Page 1 of 1

Optimisations

Posted: Sun Dec 01, 2013 6:00 pm
by FluffyFreak
I've been doing some profiling and digging due to getting fed up with low performance on Intel GPUs and massive stalls even on very high-end machines.

There's a PR in which aims to address some of the issue which are known to affect performance under OpenGL but I've run into a bit of a wall dealing with the actual stalls.

By "Stalls" I mean the moments when the framerate ceases to be smooth and drops from a constant 60fps for 1 to several seconds before recovering.

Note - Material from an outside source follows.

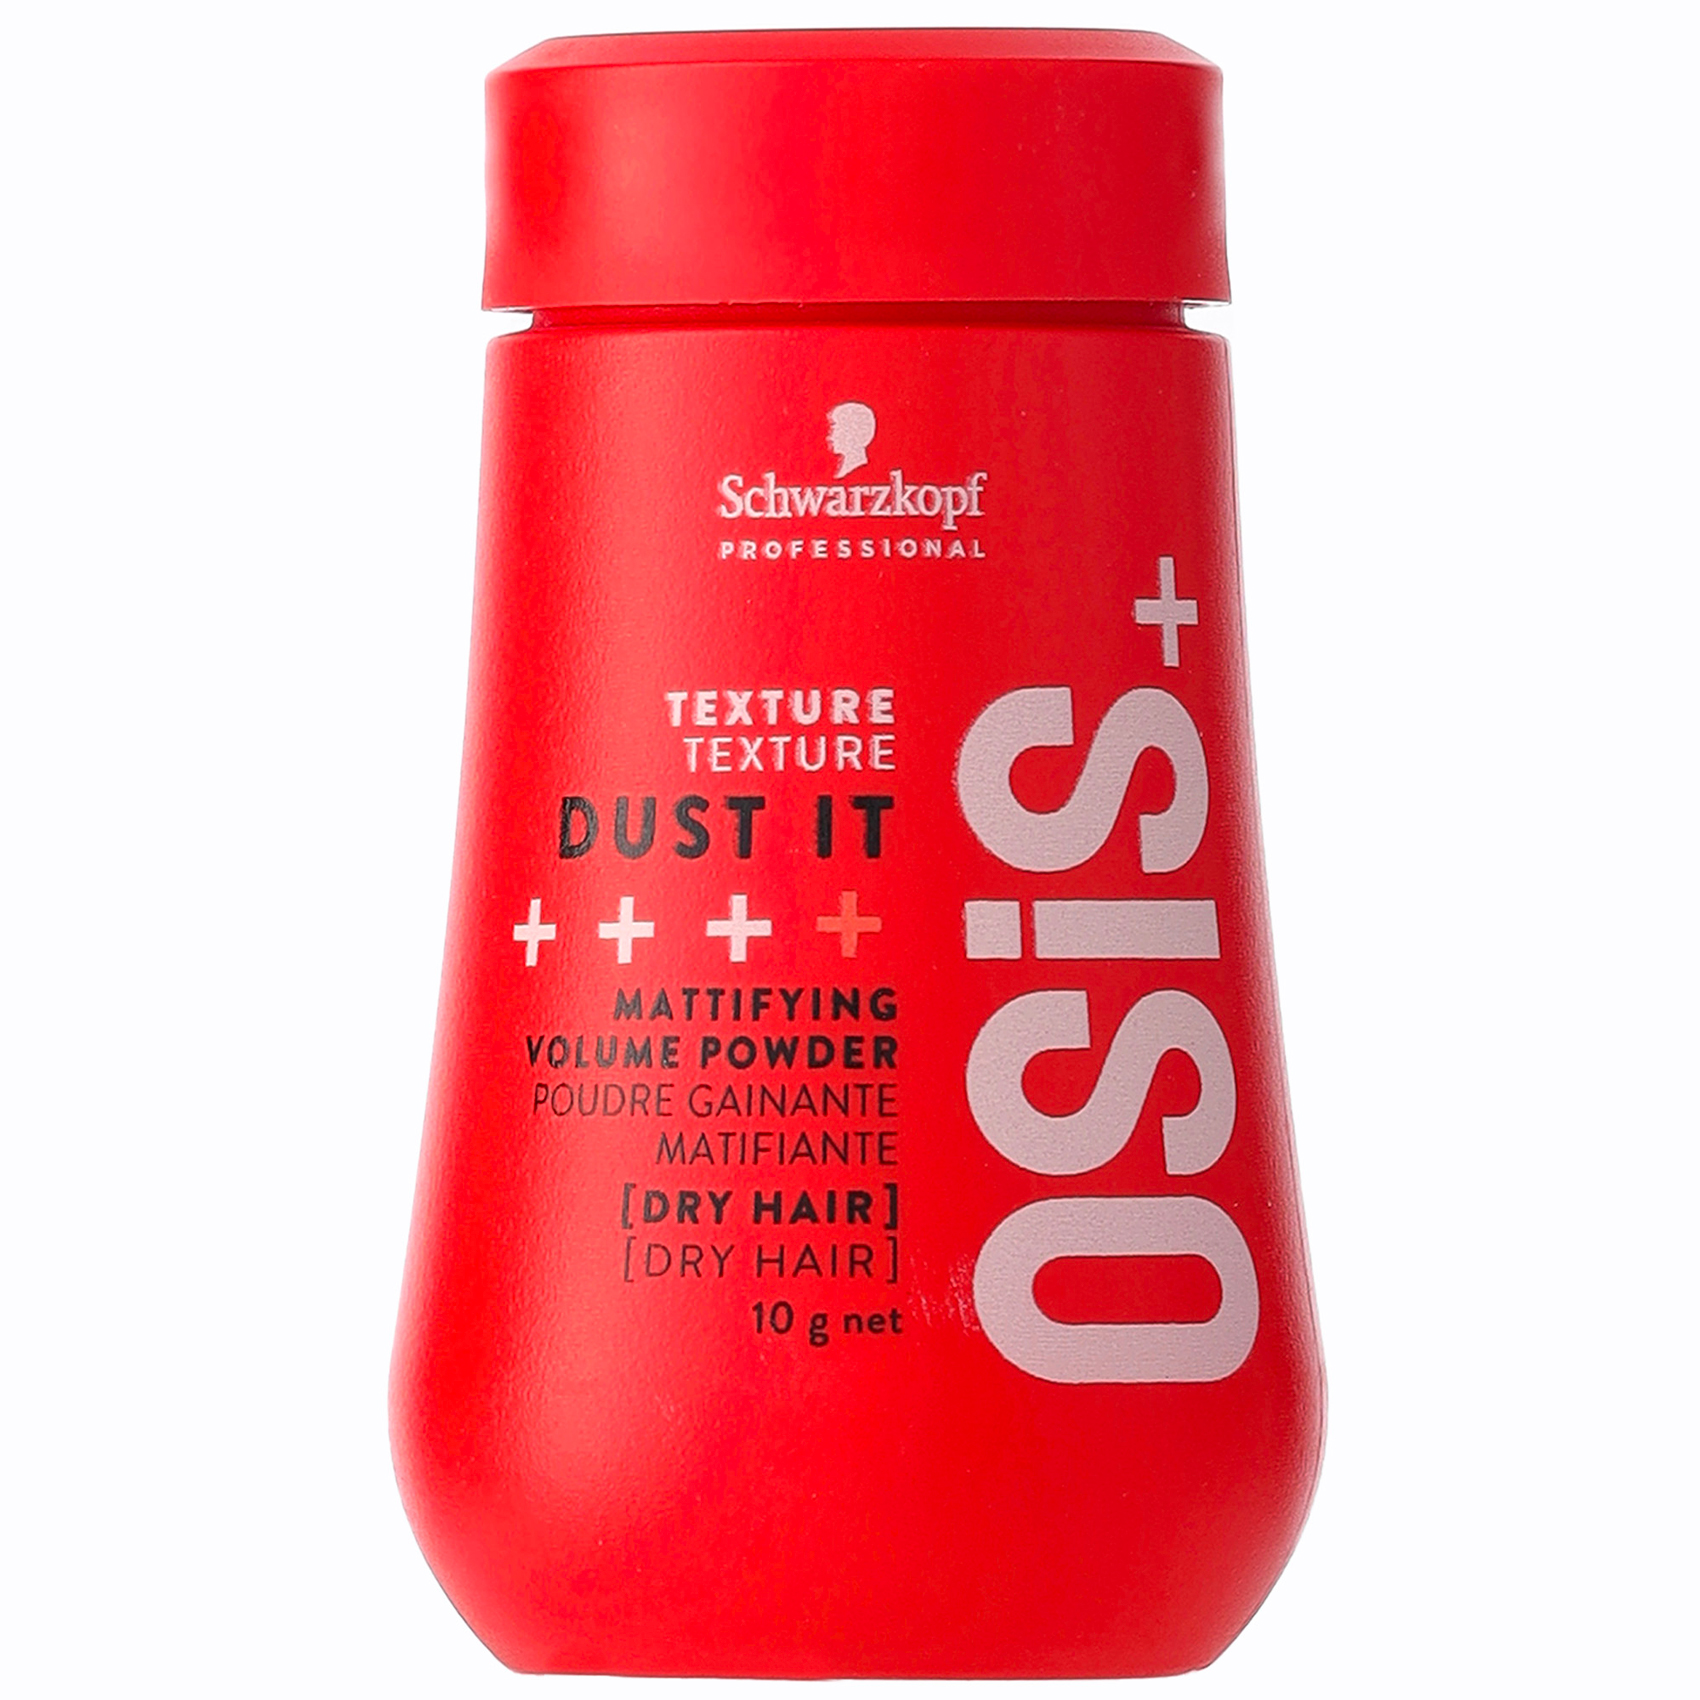 Osis + Dust It Schwarzkopf 10G

I think that I've tracked it down a single function but the function in question just leaves me with more quesitons than answers:
void __cdecl LuaEvent::Emit(void) 1 9782.8490(MCycles) (100%)
What that means is that it gets called just once (1) in the problem frame, but consumed 9782.8490 Million CPU cycles or 100% of the measured frame time.
The rest of the games processing for that frame didn't use up enough time to register as even 1%.

Now, LuaEvent::Emit is quite a simple function in and of itself but what I need to know is what events it's emitting so that I can track down the real culprit which I suspect is something nasty in the trade script or something similar.
Is there any way to know what events it's going to fire? I could just go through all of the registered Lua functions and add profiling code to them then try and work it out manually but that might take a while.

Andy

Re: Optimisations

Posted: Sun Dec 01, 2013 6:14 pm
by jpab
Could you confirm that with some other method? Probably the easiest thing (if the stall is long enough) is to run the game, and manually break into the game with the debugger when you're in a stall. If LuaEvent::Emit is taking such a high proportion of the stall time then the game will probably be inside it when the debugger pauses execution, and you'll be able to see the call stack and see exactly what's going on. If you have the patience for it, then you can do that several times. Of course this is basically what a sampling profiler does except that you can examine the full call stack and all state for each sample you take, at the cost of having a sample rate that's several orders of magnitude less than what a sampling profiler would give you.

Re: Optimisations

Posted: Sun Dec 01, 2013 6:26 pm
by FluffyFreak
I've tried doing the manual-sampling, I gave up and switched to the profiling approach because I'm just not fast enough :/
Not all of the stalls last as long as a second and my reactions often aren't quick enough because I have no idea when one might come along - which means long periods of waiting then one happens and I miss it.

I stuck a load more profiling code in and it looks like it's a call to "GetNearbySystems", I've got a profile here showing 2 calls too it using 99% of the CPU time for a frame.
Seems to do 44437 calls to "Faction::IsCloserAndContains" in just those two. Maybe it's just simply a bad algorithm or too big a scope or something.